Lectura del Santo Evangelio según San Lucas. Gloria a ti, Señor.
En aquel tiempo, dijo Jesús a sus discípulos, "Tened cuidado, que no se os embote la mente con el vicio, la bebida y los agobios de la vida, y se os eche encima de repente aquel día, porque caerá como un lazo sobre todos los habitantes de la tierra. Estad siempre despiertos, pidiendo fuerza para escapar de todo lo que está por venir y manteneros en pie ante el Hijo del Hombre."
Palabra del Señor. Gloria a ti, Señor Jesús.
La Iglesia tiene su año litúrgico, así como hay un año civil que termina el 31 de diciembre, la iglesia hoy concluye su año litúrgico. Mañana es el primer domingo de Adviento. Mañana empezamos un nuevo año litúrgico. Y fíjense, hoy la palabra de Dios nos habla del fin del mundo. Cuando la Biblia habla del fin del mundo, la parusía, la segunda venida del Señor usa la expresión el día. "Va a venir el día" o "aquel día". El mundo se va a acabar, la historia se va a terminar. Pero, ¿qué nos dice la Biblia sobre este acontecimiento final? Tres enseñanzas trae la escritura sobre la parusía, sobre el fin del mundo.
En primer lugar, no sabemos la fecha. Jesús mismo dice, "Ese día nadie lo sabe." No sabemos la fecha. No hagamos caso a ningún charlatán que de vez en cuando aparece diciendo, "Tal año se acaba el mundo."
En segundo lugar, la Biblia presenta el fin del mundo, la parusía, como un acontecimiento inminente. Ya, ya, ya, pero todavía no. Parece que ya viene, pero todavía no. En algunas ocasiones de la historia de la iglesia ha habido una gran tensión porque parecía que ya ya venía el Señor.
Y en tercer lugar, y en esto me voy a concentrar un poco, hay unos signos que van a de alguna manera manifestar que ya se acerca el fin del mundo, pero nadie podrá calcular la fecha. Pero sí hay unos signos y uno de los signos que está en la Biblia es que el mal se va a desatar. En varios pasajes de la escritura está esta enseñanza, el mal se va a desatar.
Vayamos a la primera lectura. ¿Qué profeta hemos escuchado?

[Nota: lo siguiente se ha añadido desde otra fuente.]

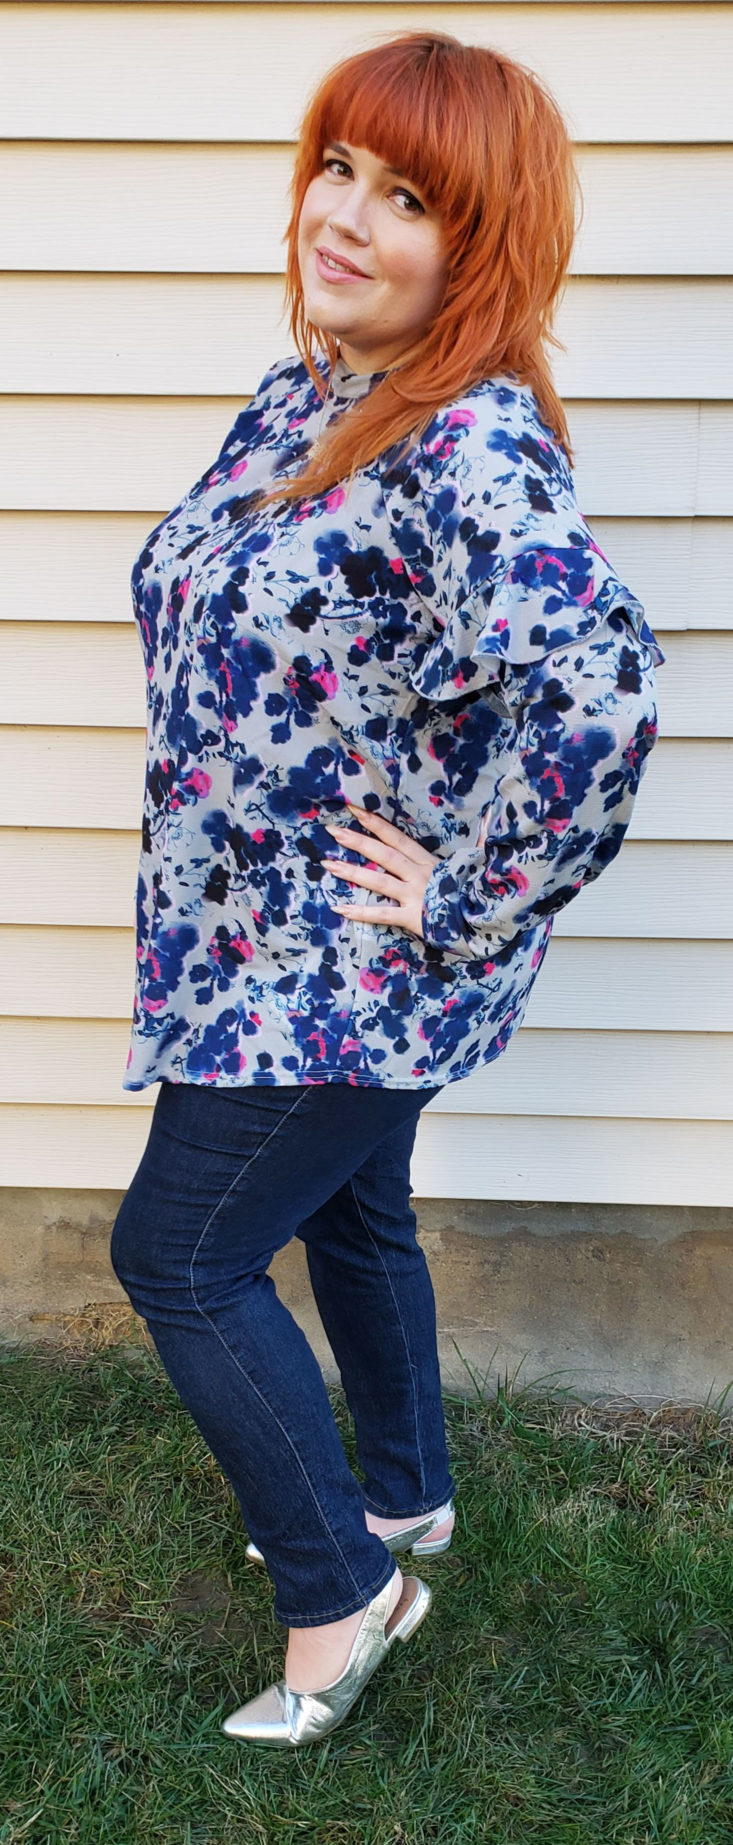 Trunk Club Plus Size Subscription Box Review November 2018 - Top in Abstract Floral Print by Lost Ink 3 Side

Daniel. Estamos en el capítulo 7 de Daniel. Ahí se habla de que vendrá el hijo del hombre. ¿Quién es el hijo del hombre? Jesucristo. Pero hemos escuchado en la primera lectura como van a surgir cuatro fieras, cuatro bestias. Estas cuatro bestias expresan el mal, expresan la influencia de Satanás, expresan la maldad de muchas personas. Y la peor de todas, ¿cuál es la cuarta? La última. Dice la primera lectura que la cuarta fiera va a pisotear la tierra. Será algo terrible. Incluso llegará un momento en que vencerá a quiénes? a los santos del Altísimo. Imagínense ustedes, Dios va a permitir que se desate el mal. Esa última fiera, esa última bestia hará, intentará, mejor dicho, que se cambie la ley. ¿Acaso no lo estamos viendo? Ya va a blasfemar. Hará que muchos blasfemen y va a intentar cambiar la ley, es decir, el desorden moral, lo anormal, lo antinatural, lo más pervertido se va a meter en el mundo. La pregunta que me hago, ¿acaso ya no estamos en ese momento? No lo sabemos.

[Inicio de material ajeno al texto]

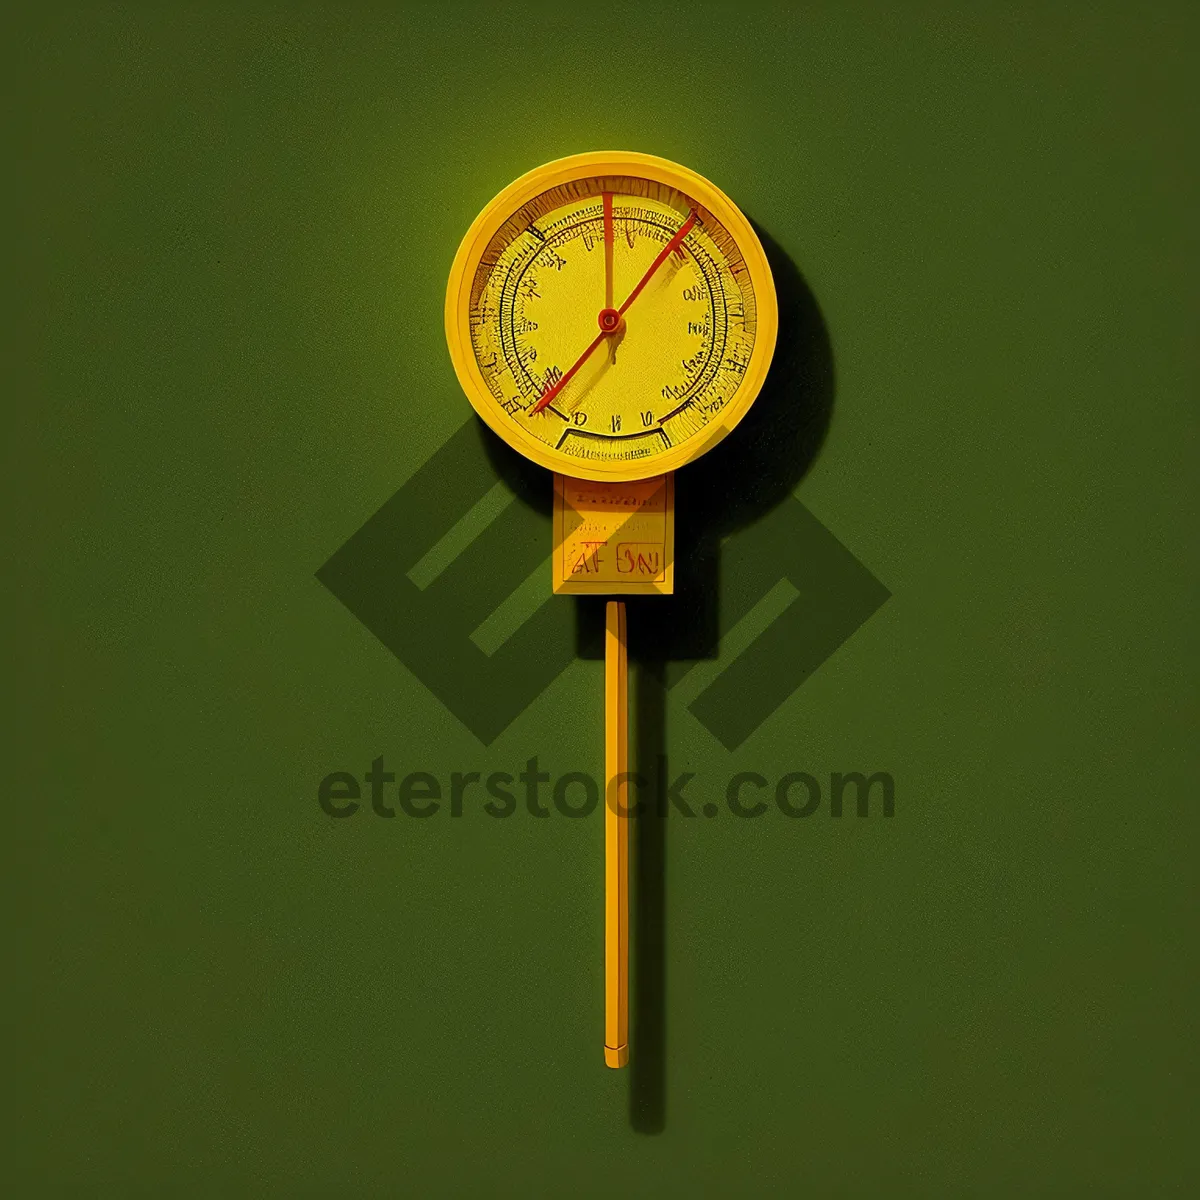 Picture of Analog Wall Clock with Time Indicator.

Pero queridos hermanos, como les he dicho en una homilía, el mensaje de Jesús es terrorífico o salvífico? Salvífico. Por eso Jesús nos dice hoy en el evangelio, "Ustedes estén despiertos cuando venga aquel día." ¿A qué se refiere con aquel día? El fin del mundo, la parusía. ¿Cómo hay que estar despiertos? Así que los que están dormidos ahorita que se despierten. Hay que estar despiertos.
En primer lugar, hermanos, el triunfo es de Dios. Al final va a vencer el bien, la verdad, el amor. De hecho, en la primera lectura se nos habla de que al final va a intervenir el anciano, es decir, Dios, y los santos del Altísimo reinarán. La iglesia va a triunfar porque Cristo ya ha triunfado. Estamos esperando el último acontecimiento, pero mientras tanto hay que estar despiertos.
Despiertos también porque no sabemos en qué momento nos vamos a morir. ¿Y qué significa estar despiertos? Significa rezar todos los días. Significa vivir en gracia y hacer que mi familia viva en gracia.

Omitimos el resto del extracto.